The Lion’s Tail


Mural: Leo’s Tail, Eyebrowed Sun
Inspired by mosaic decorations in several mosques and palaces, the lion and the sun together form a powerful expression resembling an emblematic symbol, a coat of arms. In Iranian history, this pairing can be traced back to astrology – the sun in the house of Leo – and has come to symbolise divine authority, royal power and beauty. Originally, the sun was portrayed with beautiful curly hair, a moustache and almond-shaped eyes, but with imperialism, such an ambiguous ideal of beauty could not represent a nation, and the face was eclipsed. After the 1979 revolution, Iran replaced the national emblem; despite this, the lion and the sun remain a strong symbol of Iranian heritage and Iranian nationalism. Nordlöf Malekian revives the sun’s original characteristics and reactivates the lion in several recent works, in which he explores what happens when animals and celestial bodies are given a human face.


Sculpture: A Lion’s Tail
Here, the tail of lion functions as a displaced emblem of royalty and nationhood, where astrological symbolism becomes a vehicle for queer reinterpretation.

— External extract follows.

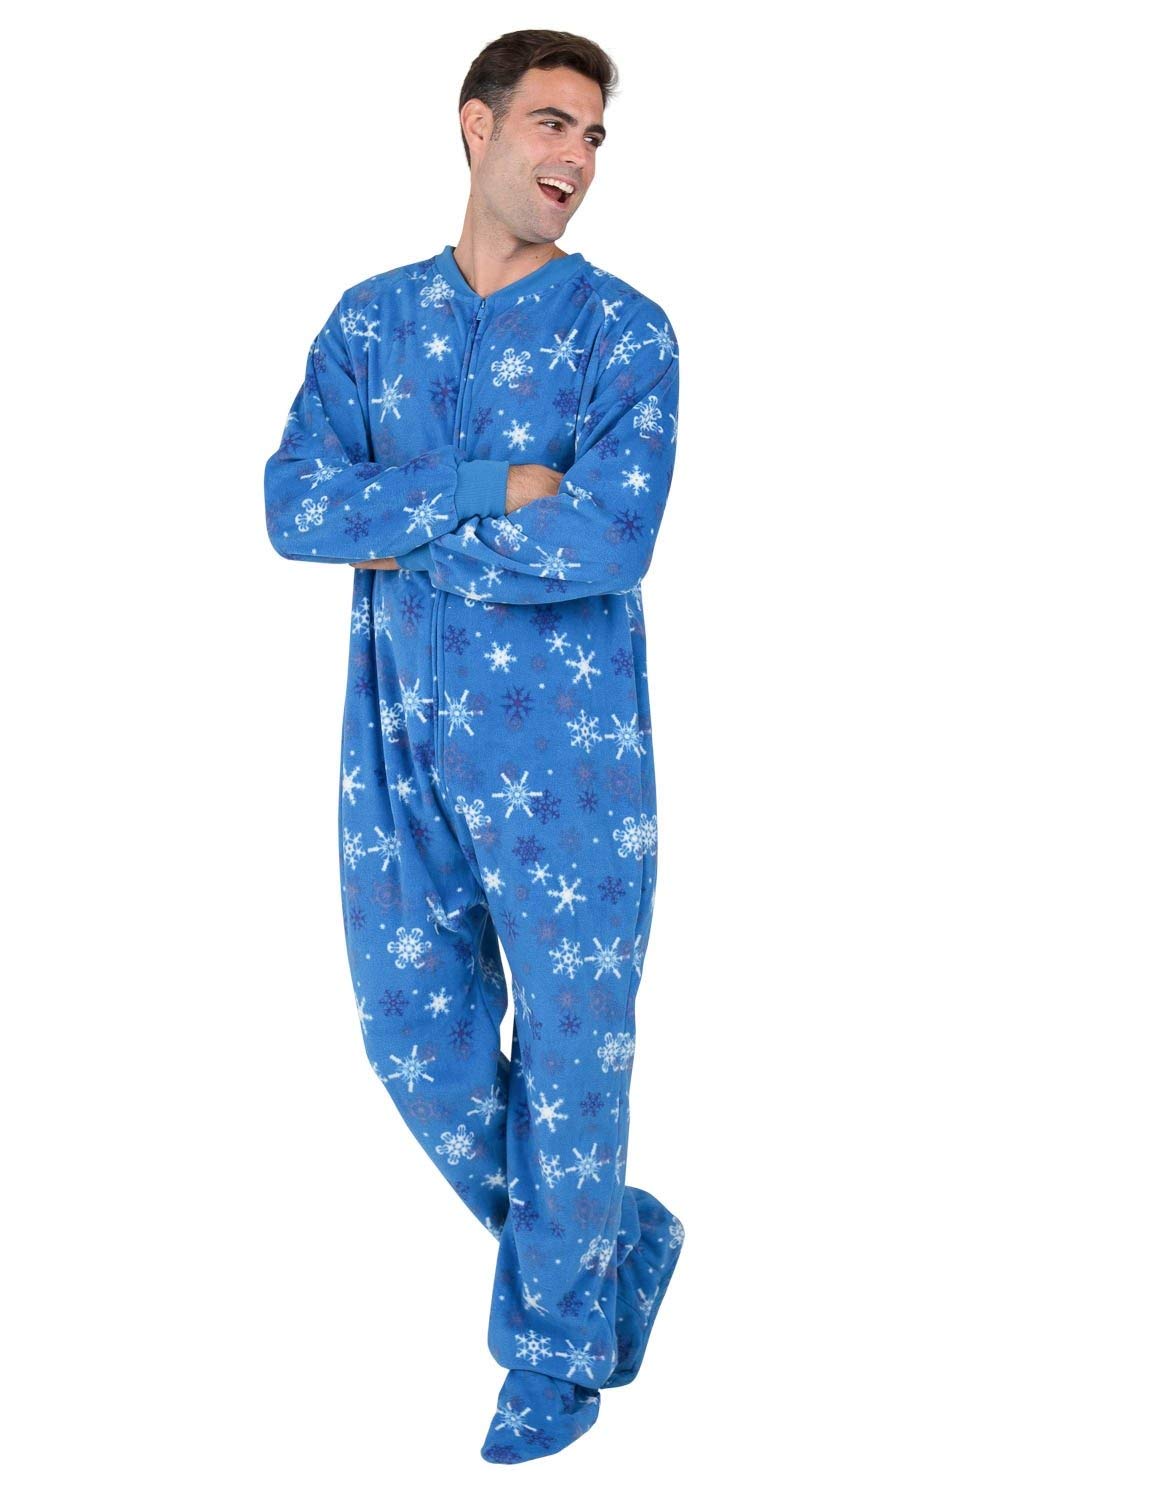 Footed Pajamas - Its A Snow Day Adult Fleece One Piece - Adult - XSmall (Fits 5'2-5'4")

Performance: The Lion’s Tail
When I renewed my passport in Karaj, Iran, over a decade ago, the photographer decided I looked “too feminine” for an official document— and yet, somehow, his retouching made me look even more feminine. – Afrang Nordlöf Malekian

In the lecture performance The Lion’s Tail, Afrang Nordlöf Malekian explores manipulation of passport photography through his own passport photos, along archival findings at the Arab Image Foundation in Beirut – hand colored photographs from the 1940s to the ’80s, with saturated shades of magentas, blues, and reds. Through a mixture of research, storytelling, and choreography, he traces retouching techniques to a mythologized sun, both female and male, shining beside a lion—an ancient couple from the depths of the universe: the sun in the house of Leo.

In my search for the origin of these photography retouching techniques, I uncovered something else—something profound that led me to an exiled lion and a flashing sun.